The use of which software technology to do which job is actually a trick of politics. The truth is that any Turing Complete language can naturally do the same job that any other Turing complete language can do. This means that the choice of a particular technology or suite of technologies is not based on some formal rigor but on some politically motivated choice.
Developers want portable skills, so they have the security of a selection of employers. Businesses want easily replaceable employees for various reasons including keeping wages lower. The result is that the market will likely force a single programming language to the fore-front even if it doesn't deserve this placement on technical merit.
The similar forces work on operating systems and hardware too. The push for commodity parts forces us into architectures like the PC and it's x86 instruction set. Today there are no real competitors to PC architecture. There are no real competitors for the desktop metaphor either.
Even if I mention Linux on the desktop I'm not really mentioning anything all that radical.

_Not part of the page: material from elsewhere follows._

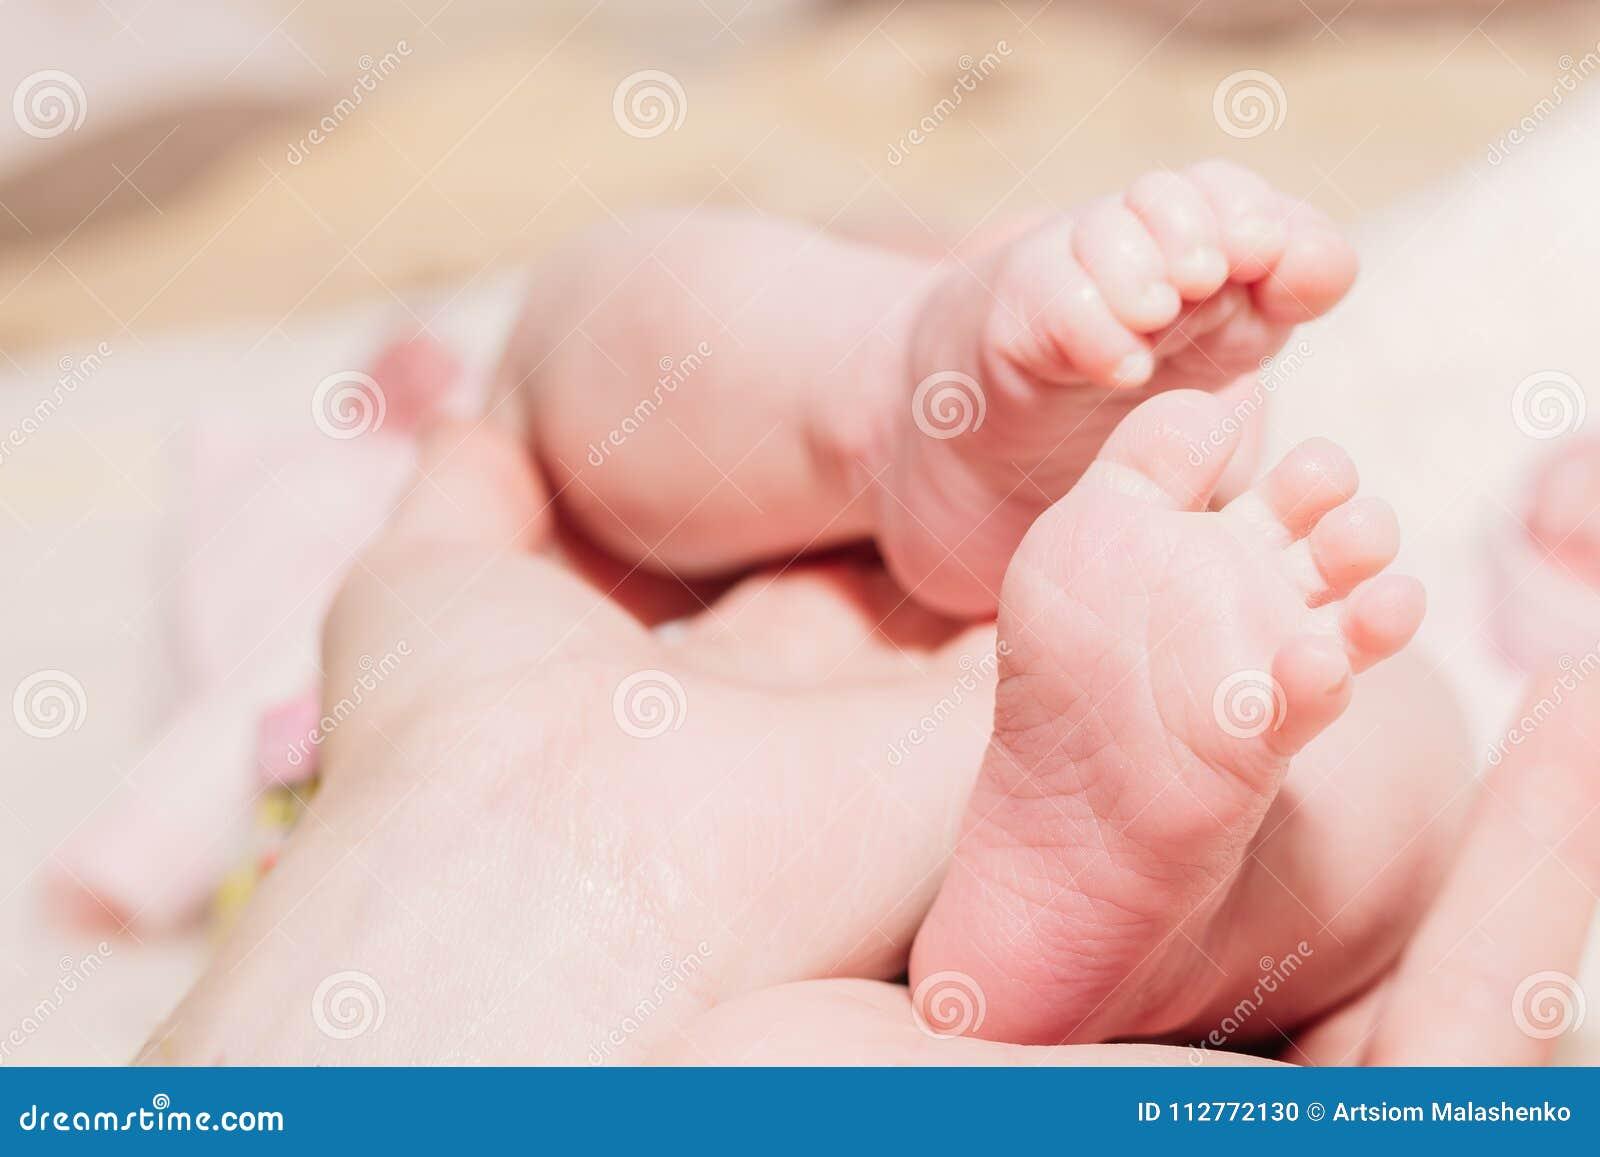 Beautiful legs of a newborn baby closeup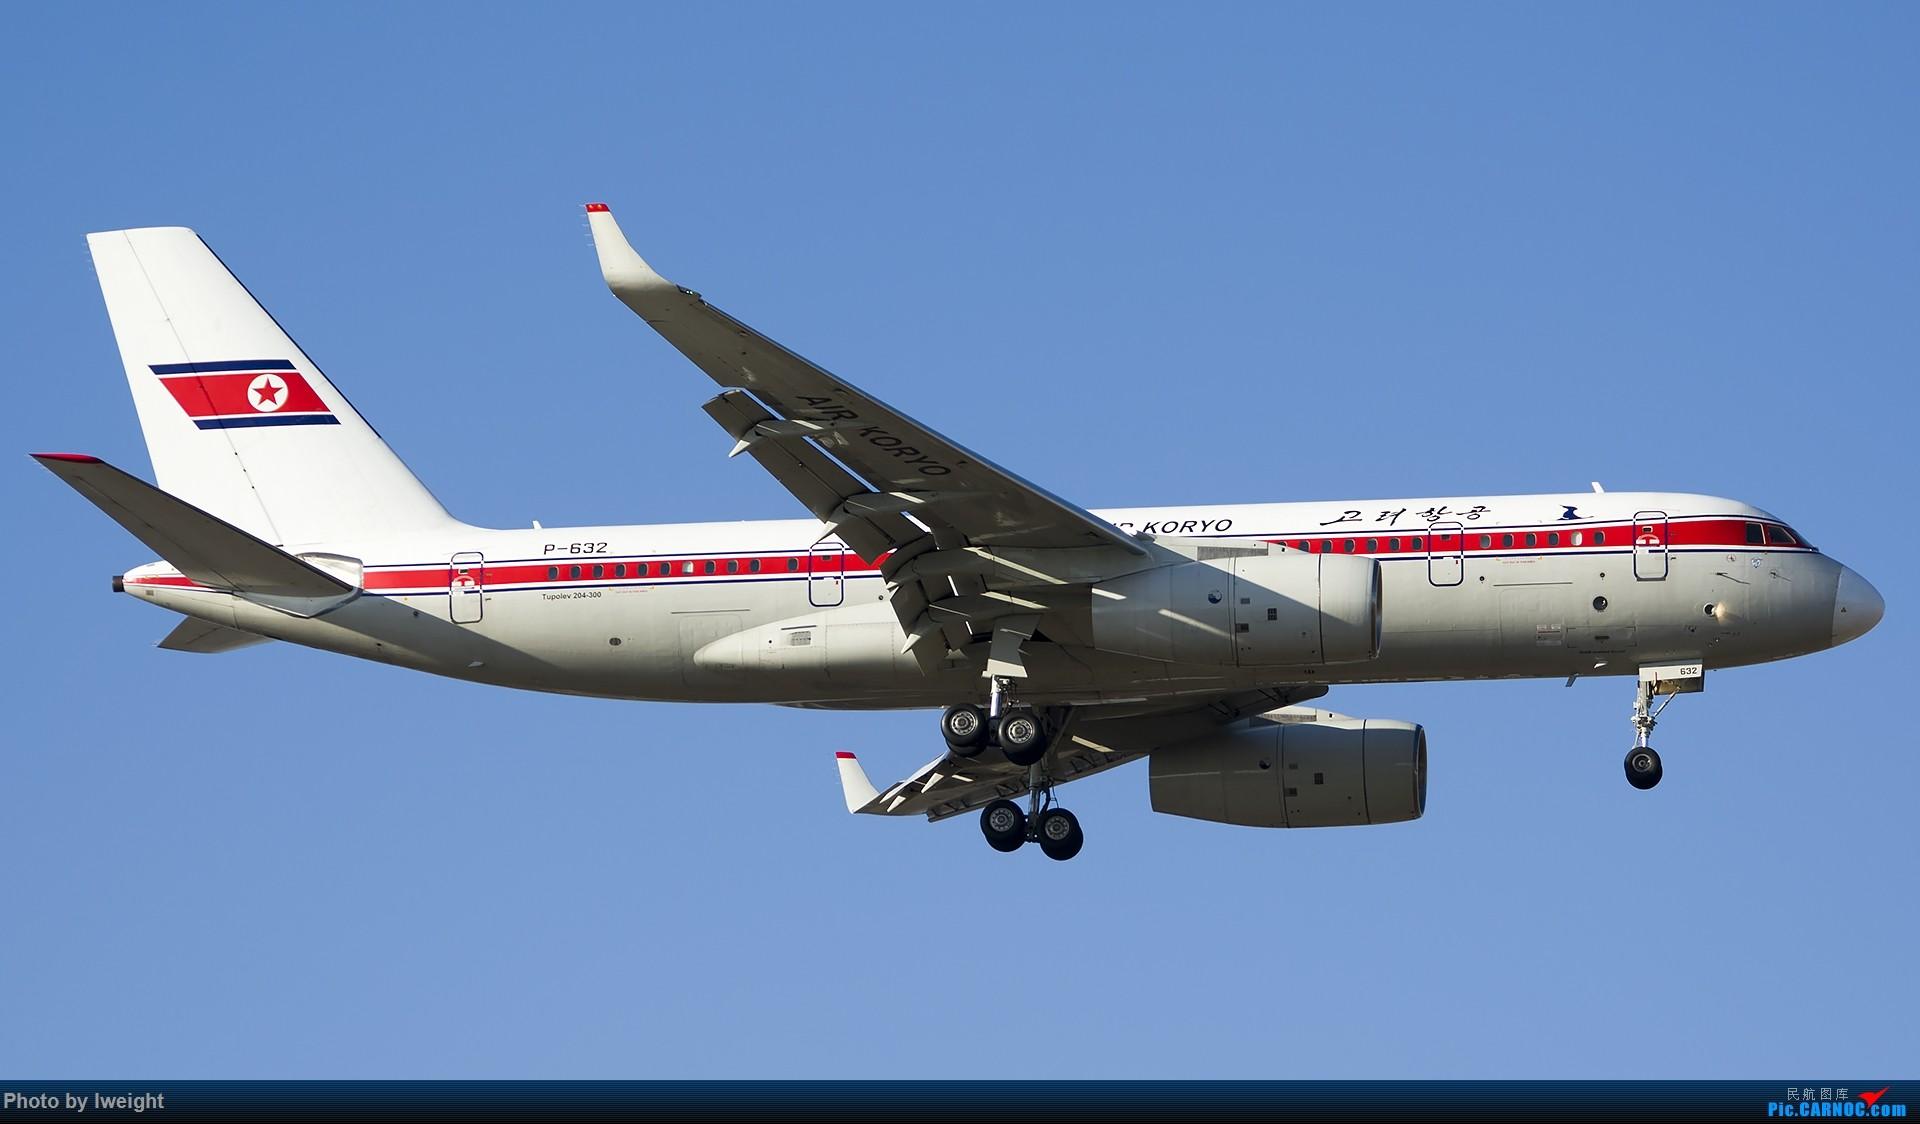 Re:[原创]2014-12-06 PEK天气由好变坏的直接体验 TUPOLEV TU-204-300 P-632 中国北京首都国际机场

Even Linux bends to a windows-esque operating metaphor. When GUI designers make GUI for Linux, the go back to windows-keyboard-mouse (can I call it "wikemo" and not get snickered at?)
That mono-culture means that the window-keyboard-mouse paradigm is even further locked in. But so are other paradigms that are equally arbitrary and equally locked into the computing psyche. The questions that need to be asked as we start to see more and more internet enabled devices are:
* Do these paradigms work for us still?
* Is there a better way to represent program structure for these devices?
* Is the better way worth the effort of changing everyone's mind?